Have you ever felt overly confident about a skill, only to later realize how little you actually knew?
Discover the Dunning-Kruger Effect—why the less we know, the more confident we often feel—and learn practical tools to balance confidence with humility, curiosity, and growth. This episode from Seeing Sideways explores how to build resilience and clarity by questioning what we think we already know.
Key Takeaway Insights and Tools
- The Dunning-Kruger Effect explained — why novices often feel overconfident while experts underestimate themselves. (05:15)
- Everyday examples — from learning guitar to giving advice online, this bias shows up in work, relationships, and decision-making. (06:06–07:14)
- The evolutionary twist — overconfidence may once have protected survival but now often leads to mistakes. (07:52)
- The cost of overconfidence — risky decisions, stalled growth, and strained relationships. (08:12–09:24)
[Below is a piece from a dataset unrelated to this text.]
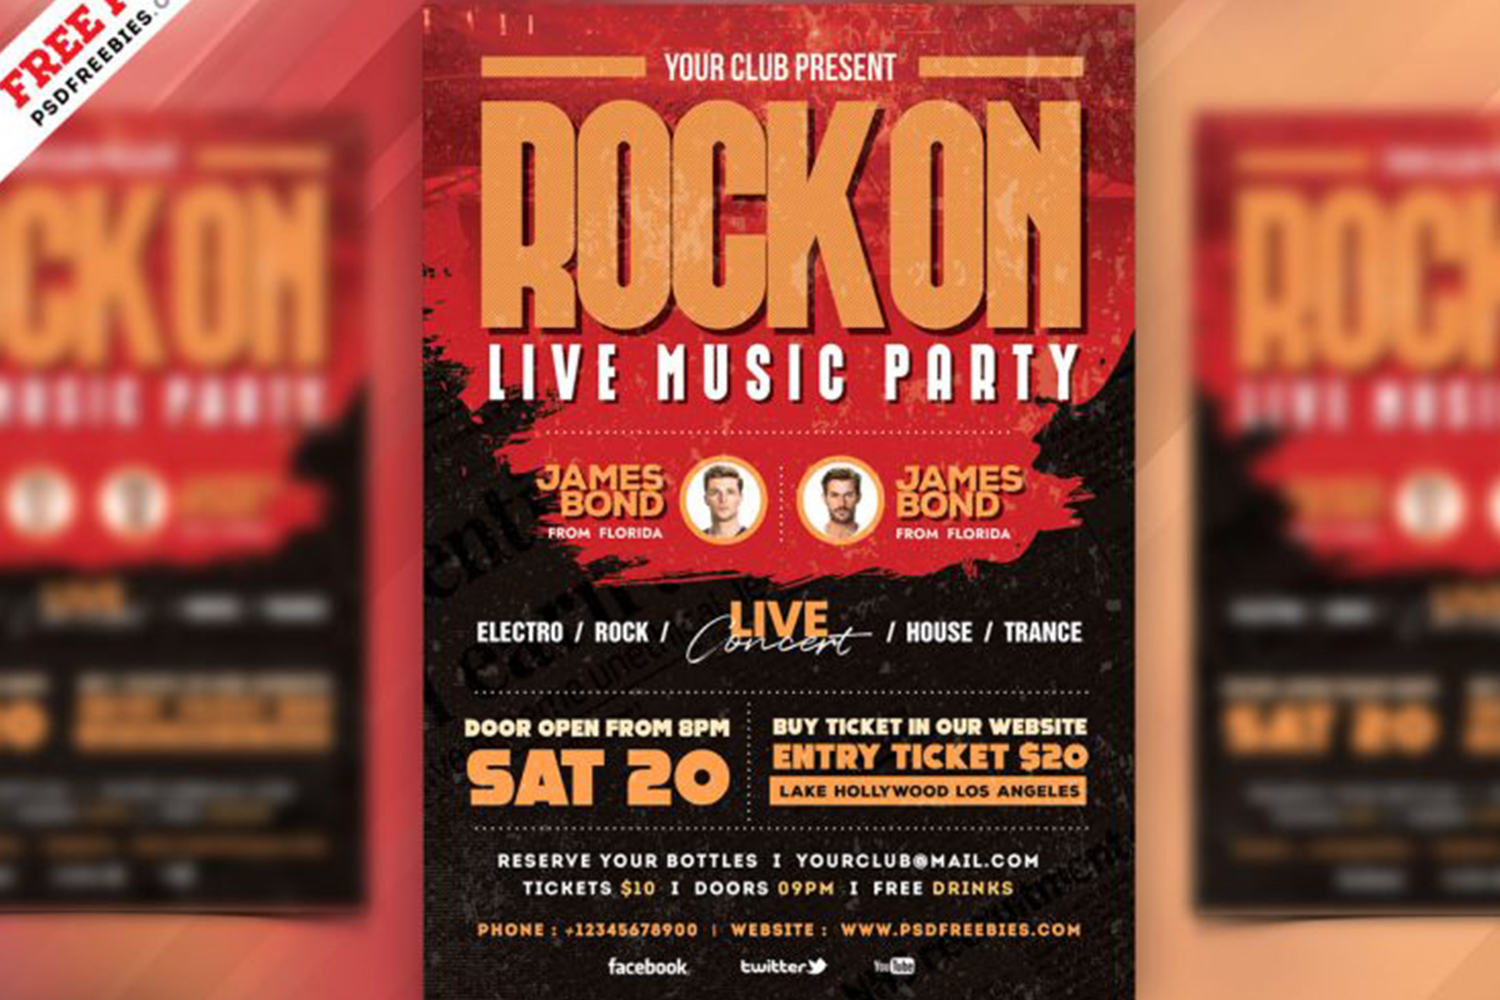 Live Rock Music Event Flyer PSD Free Download

- The Contrarian Move — replace false certainty with intellectual humility, feedback-seeking, self-reflection, and a growth lens. (09:24–12:11)
- Clarity is resilience — the most resilient thinkers distinguish confidence from competence and keep updating their knowledge. (12:23–12:47)
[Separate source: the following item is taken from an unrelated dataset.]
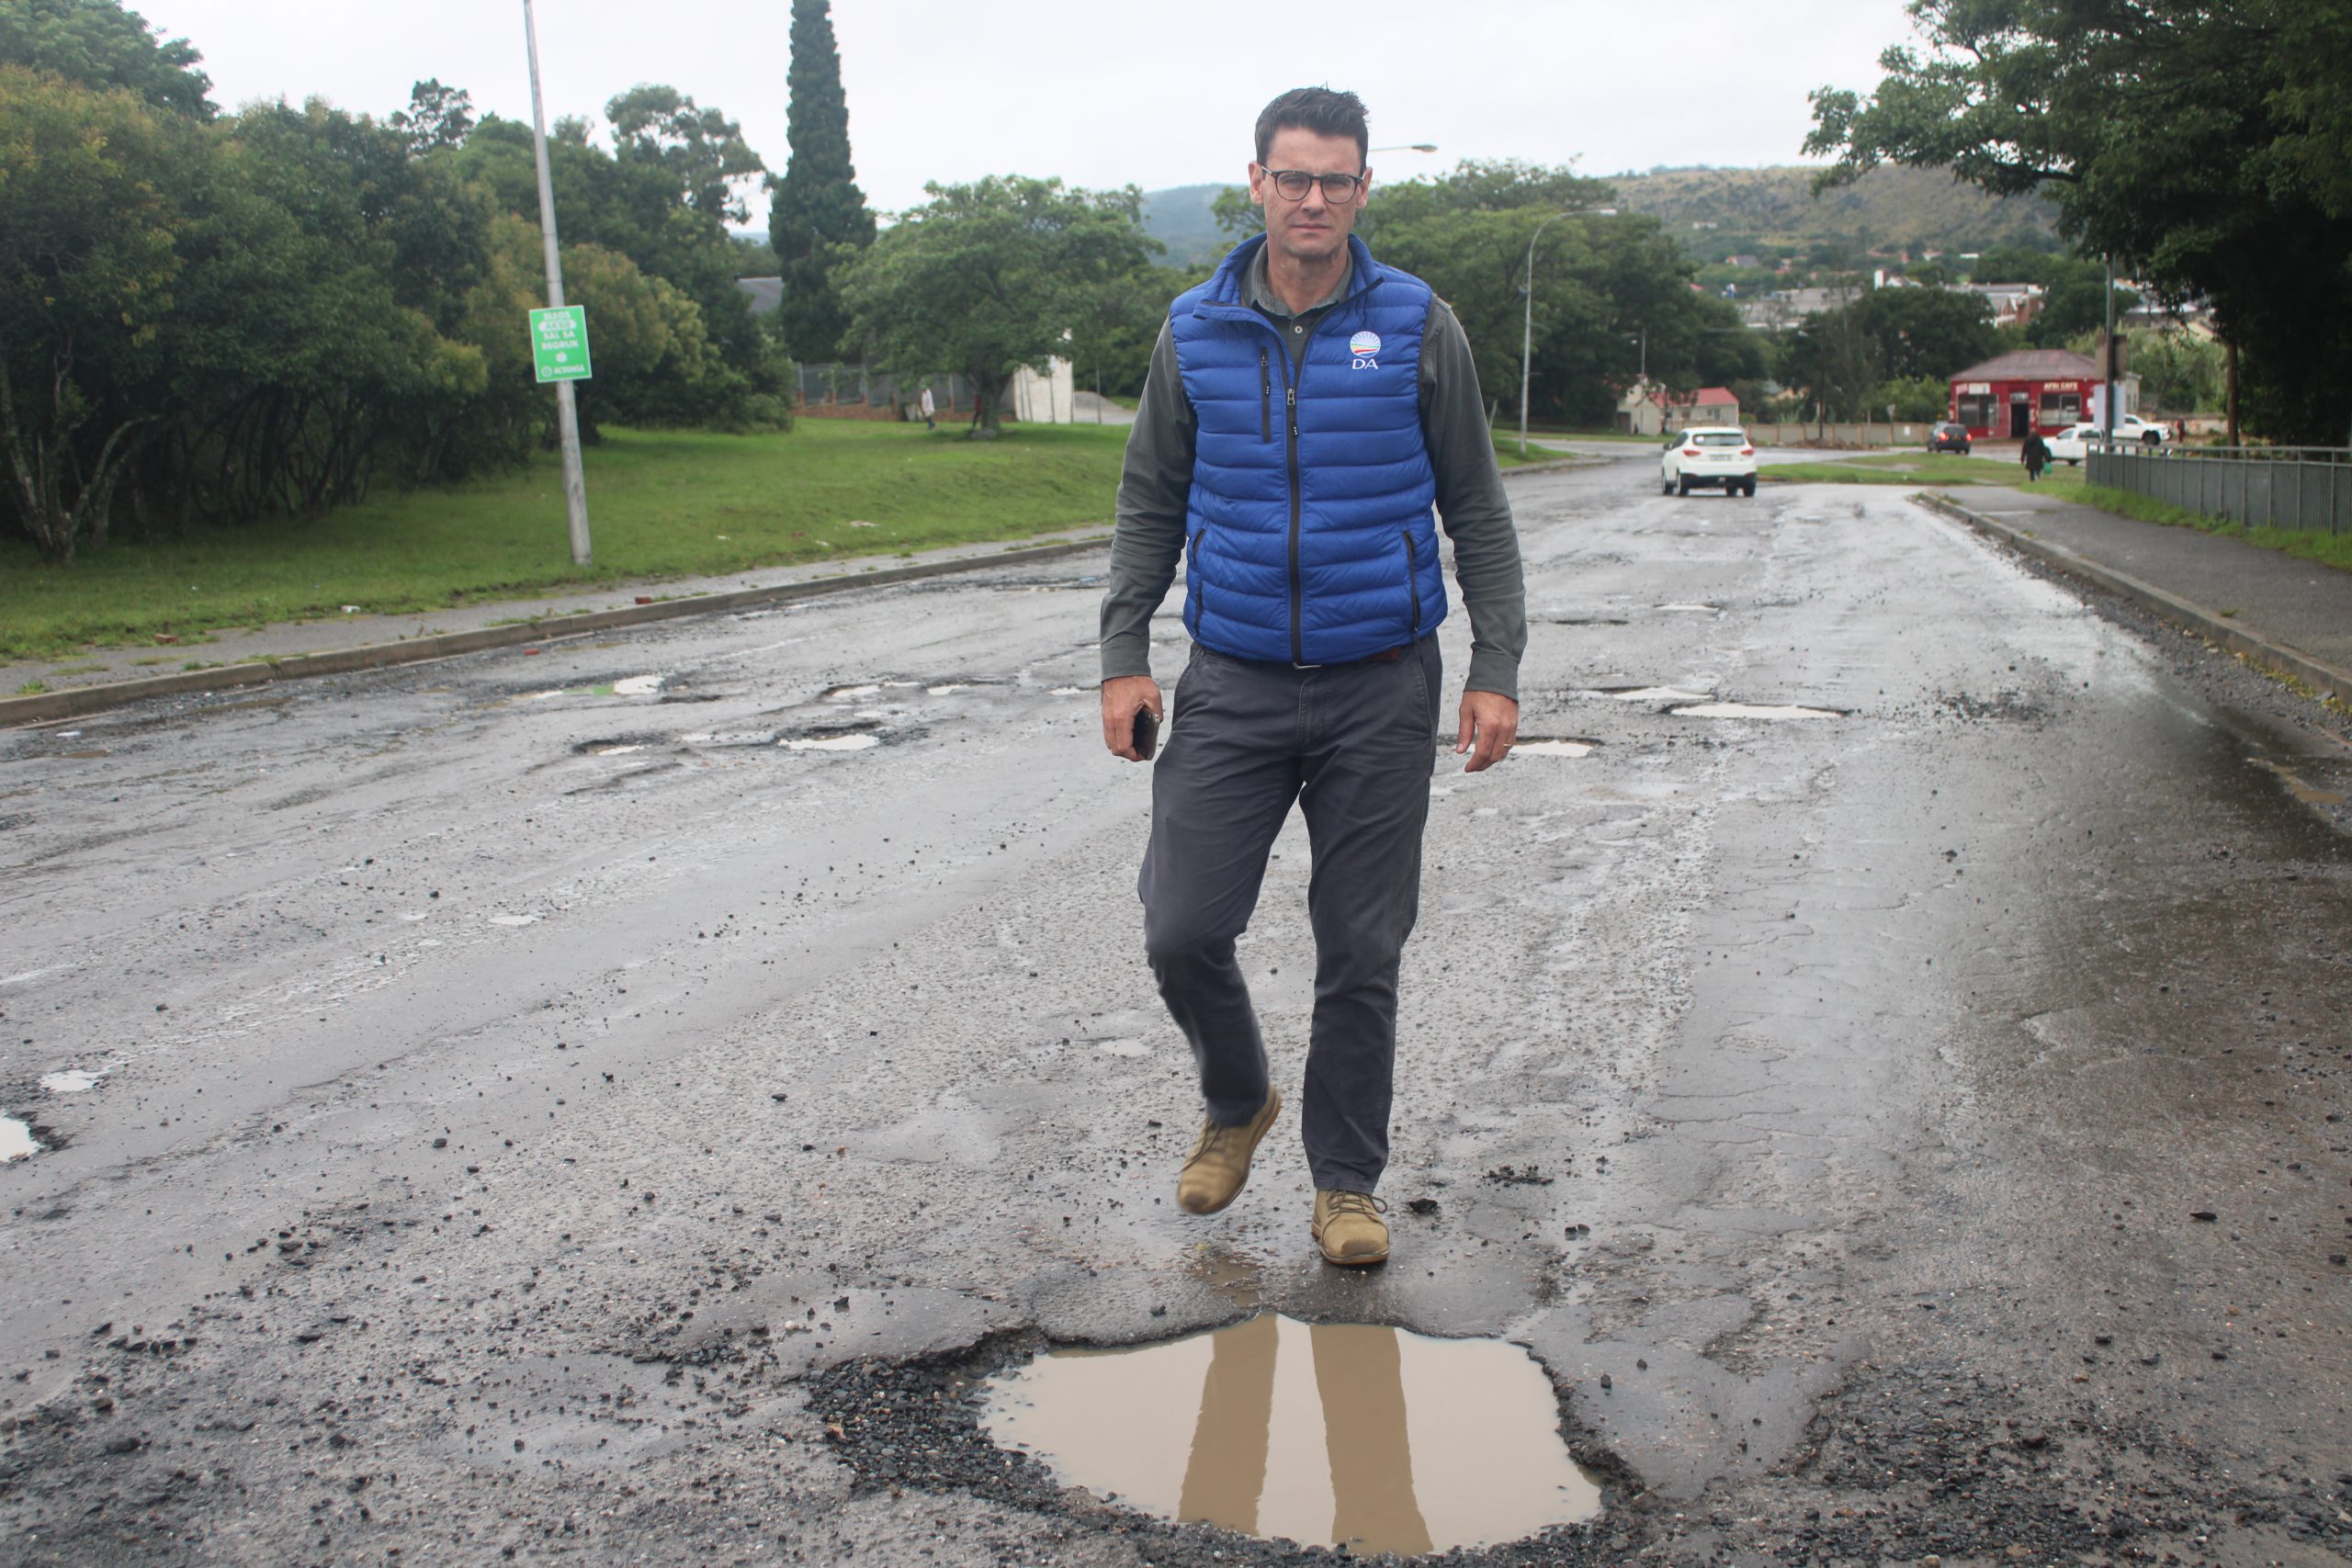 Member and a leader of DA after inspecting a pot hole filled with water.

If today’s episode gave you a new perspective, share it with someone who could benefit. And don’t forget to subscribe so you’ll catch next week’s episode on the self-serving bias.
Host Bio
Jason White Birkevold Liem is a resilience coach, author of Seeing Sideways, and host of It’s an Inside Job. He helps leaders, coaches, and professionals strengthen resilience, improve communication, and build clarity from the inside out. Connect with Jason at www.mindtalk.no or follow him on LinkedIn.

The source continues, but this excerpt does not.